SEJARAH PECINTA ALAM

Jika saja kita mau melihat ke masa lalu sebetulnya sejarah manusia erat hubungannya dengan alam. Sejak zaman prasejarah dimana manusia masih berburu dan mengumpulkan makanan (meramu), alam adalah tempat tinggal mereka, tempat mereka bergantung dan hidup. Jajaran pegunungan adalah tempat mereka bersandar, lembah padang rumput merupakan tempat mereka berbaring, sungai adalah tempat mereka melepaskan dahaga, dan goa-goa adalah tempat mereka berlindung dari sengatan matahari dan terpaan hujan. Akan tetapi setelah manusia menemukan kebudayaan dan teknologi, alam menjadi seperti barang aneh dan selalu di eksploitasi. Manusia mulai mendirikan bangunan untuk mereka berlindung, manusia mulai menciptakan barang-barang untuk mendapatkan kemudahan dalam hidup mereka walau mereka tak menyadari barang-barang tersebut dapat mencemari alam. Manusia juga menciptakan gedung-gedung bertingkat untuk mengangkat kepala mereka dan menonjolkan keegoisan mereka, hingga pada akhirnya manusia dan alam mengukir sejarahnya sendiri-sendiri. Ketika keduanya bersatu dan saling menghormati kembali, maka saat itulah Sejarah Pecinta Alam dimulai:
Pada sekitar tahun 1492 sekelompok orang Perancis di bawah pimpinan Anthoine de Ville mencoba memanjat tebing Mont Aiguille (2097 m) di kawasan Vercors Massif. Waktu itu belumlah terlalu jelas apakah mereka ini tergolong sebagai para pendaki gunung yang pertama. Namun beberapa dekade kemudian orang-orang yang naik turun tebing-tebing batu di pegunungan Alpen adalah para pemburu chamois (sejenis kambing gunung). Mungkin saja mereka ini para pemburu yang mendaki gunung, namun inilah pendakian gunung tertua yang pernah dicatat dalam sejarah. Pada sekitar tahun 1786 puncak gunung tertinggi pertama yang dapat dicapai manusia adalah puncak Mont Blanc (4807 m) di Perancis. Lalu pada tahun 1852 puncak Everest setinggi 8840 meter diketemukan. Orang-orang Nepal menyebutnya Sagarmatha atau menurut orang Tibet menyebutnya Chomolungma. Puncak Everest berhasil dicapai manusia pada tahun 1953 melalui kerjasama Sir Edmund Hillary dari Selandia Baru dan Sherpa Tenzing Norgay yang tergabung dalam suatu ekspedisi Inggris. Sejak saat itulah pendakian ke atap-atap dunia semakin ramai.

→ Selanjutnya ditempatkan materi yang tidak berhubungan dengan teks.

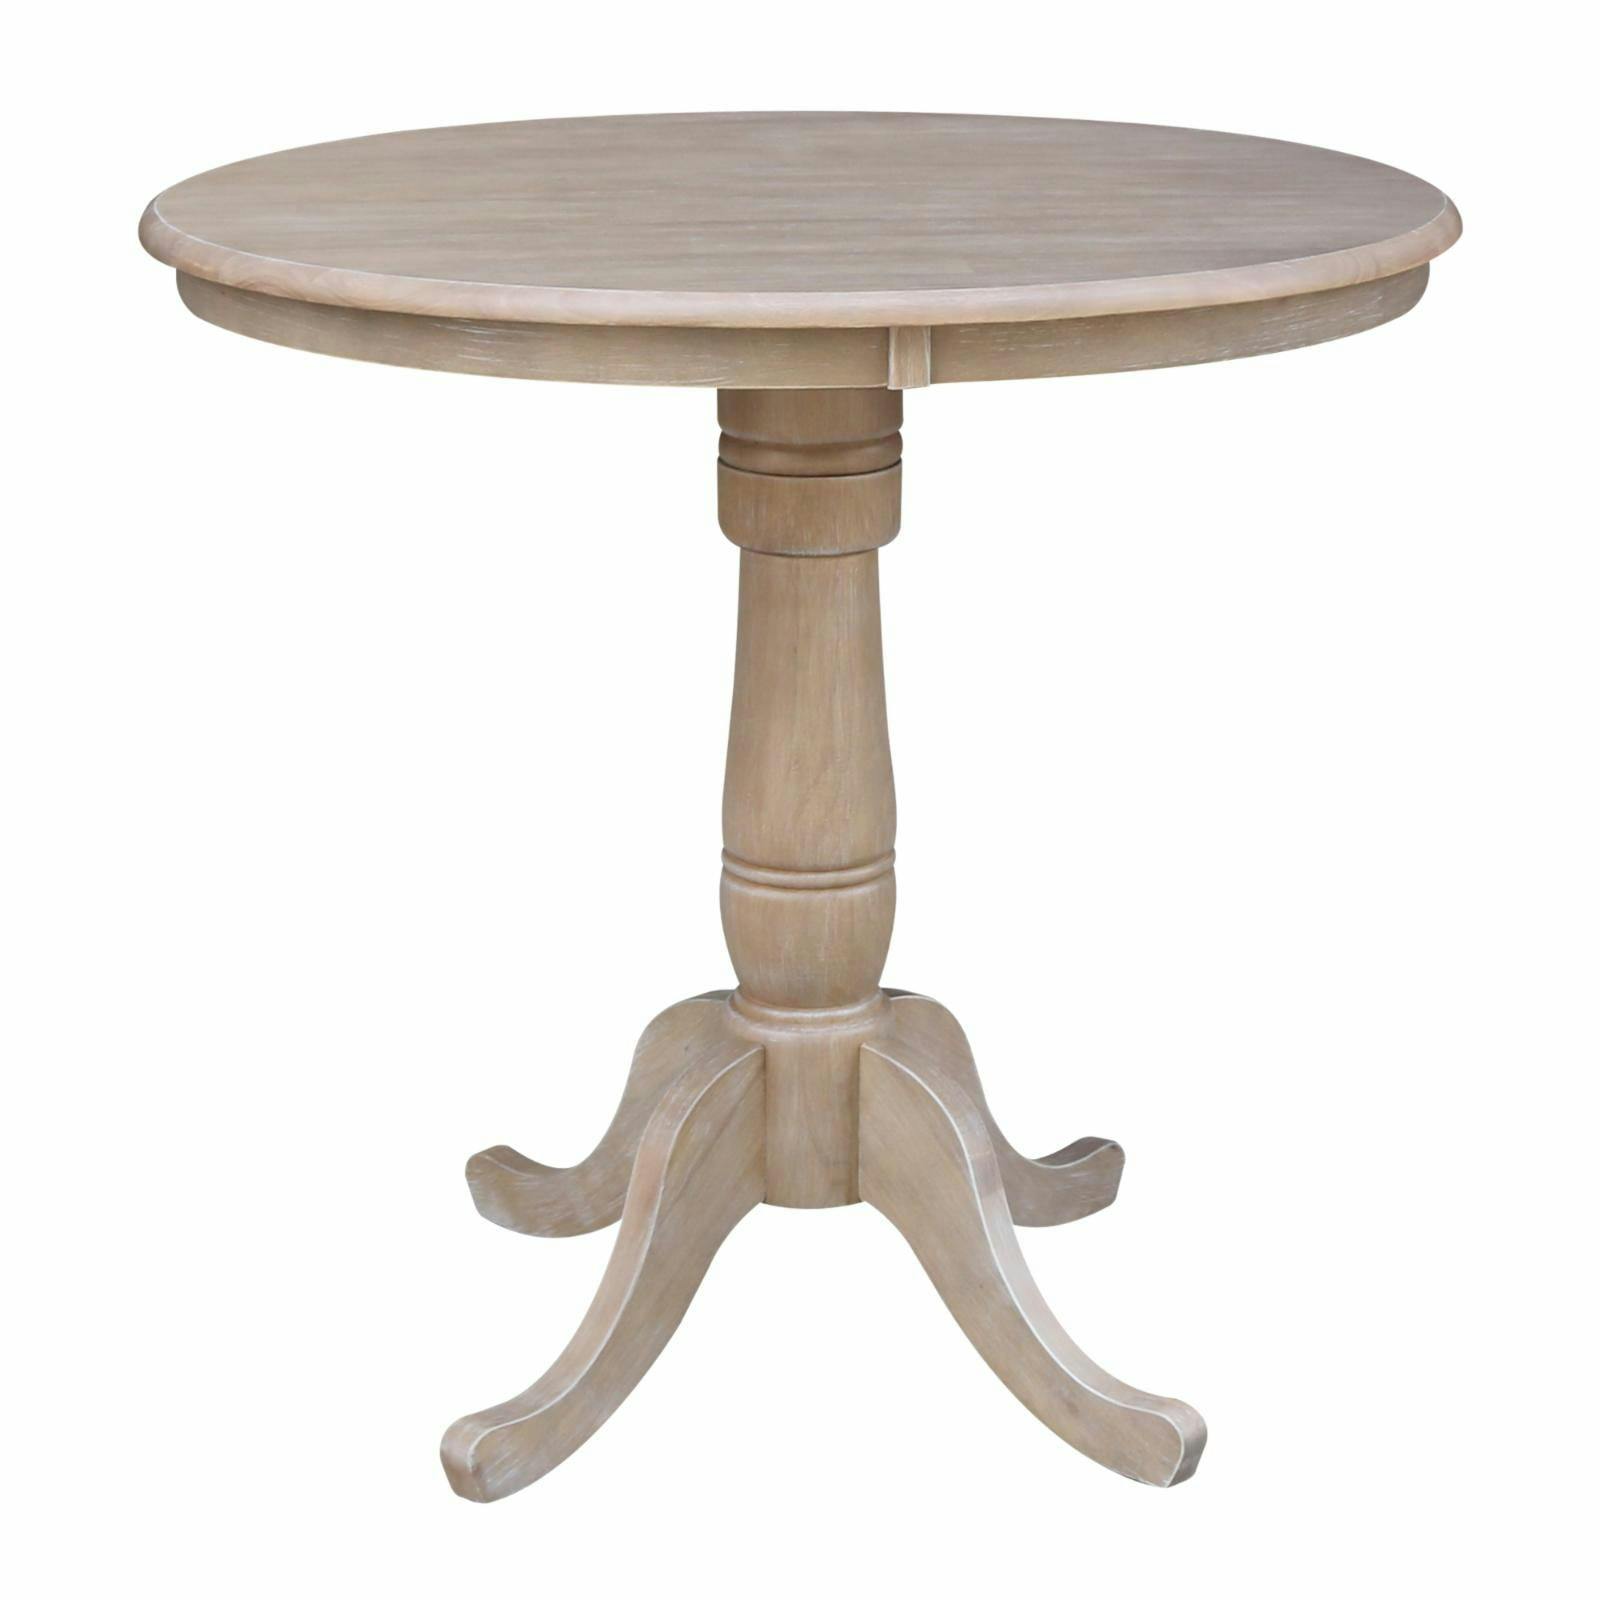 Classic Round 36" Wood Pedestal Counter Height Table in Washed Gray

Di Indonesia sendiri sejarah pendakian gunung dimulai sejak tahun 1623 saat Yan Carstensz menemukan “Pegunungan sangat tinggi di beberapa tempat tertutup salju” di Papua. Nama orang Eropa ini dikemudian hari digunakan untuk salah satu gunung di gugusan Pegunungan Jaya Wijaya yaitu Puncak Carstensz. Pada tanggal 18 Oktober 1953 di Indonesia berdiri sebuah perkumpulan yang diberi nama “Perkumpulan Pentjinta Alam” (PPA). PPA merupakan perkumpulan hobby yang dimaksudkan sebagai suatu kegemaran positif terlepas dari sifat maniak yang semata-mata ingin melepaskan nafsunya dalam corak negatif. Perkumpulan ini bertujuan mengisi kemerdekaan dengan kecintaan terhadap negeri ini selepas masa revolusi yang diwujudkan dengan mencintai alamnya serta memperluas dan mempertinggi rasa cinta terhadap alam seisinya dalam kalangan anggotanya dan masyarakat umumnya. Awibowo, salah satu pendiri perkumpulan ini mengusulkan istilah pecinta alam karena cinta lebih dalam maknanya daripada gemar/suka yang mengandung makna eksploitasi belaka, tapi cinta mengandung makna mengabdi.”Bukankah kita dituntut untuk mengabdi kepada negeri ini ?.” Satu kegiatan besar yang pernah diadakan PPA adalah pameran tahun 1954 dalam rangka ulang tahun kota Jogja, mereka membuat taman dan memamerkan foto kegiatan. Mereka juga sempat merenovasi Argodumilah (tempat melihat pemandang di desa Patuk) tepat di jalan masuk Kabupaten Gunung Kidul, Jogjakarta. PPA juga sempat menerbitkan majalah “Pecintja Alam” yang terbit bulanan. Namun sayang perkumpulan ini tidak berumur lama, penyebabnya antara lain faktor pergolakan politik dan suasana yang belum terlalu mendukung hingga akhirnya pada tahun 1960 PPA dibubarkan.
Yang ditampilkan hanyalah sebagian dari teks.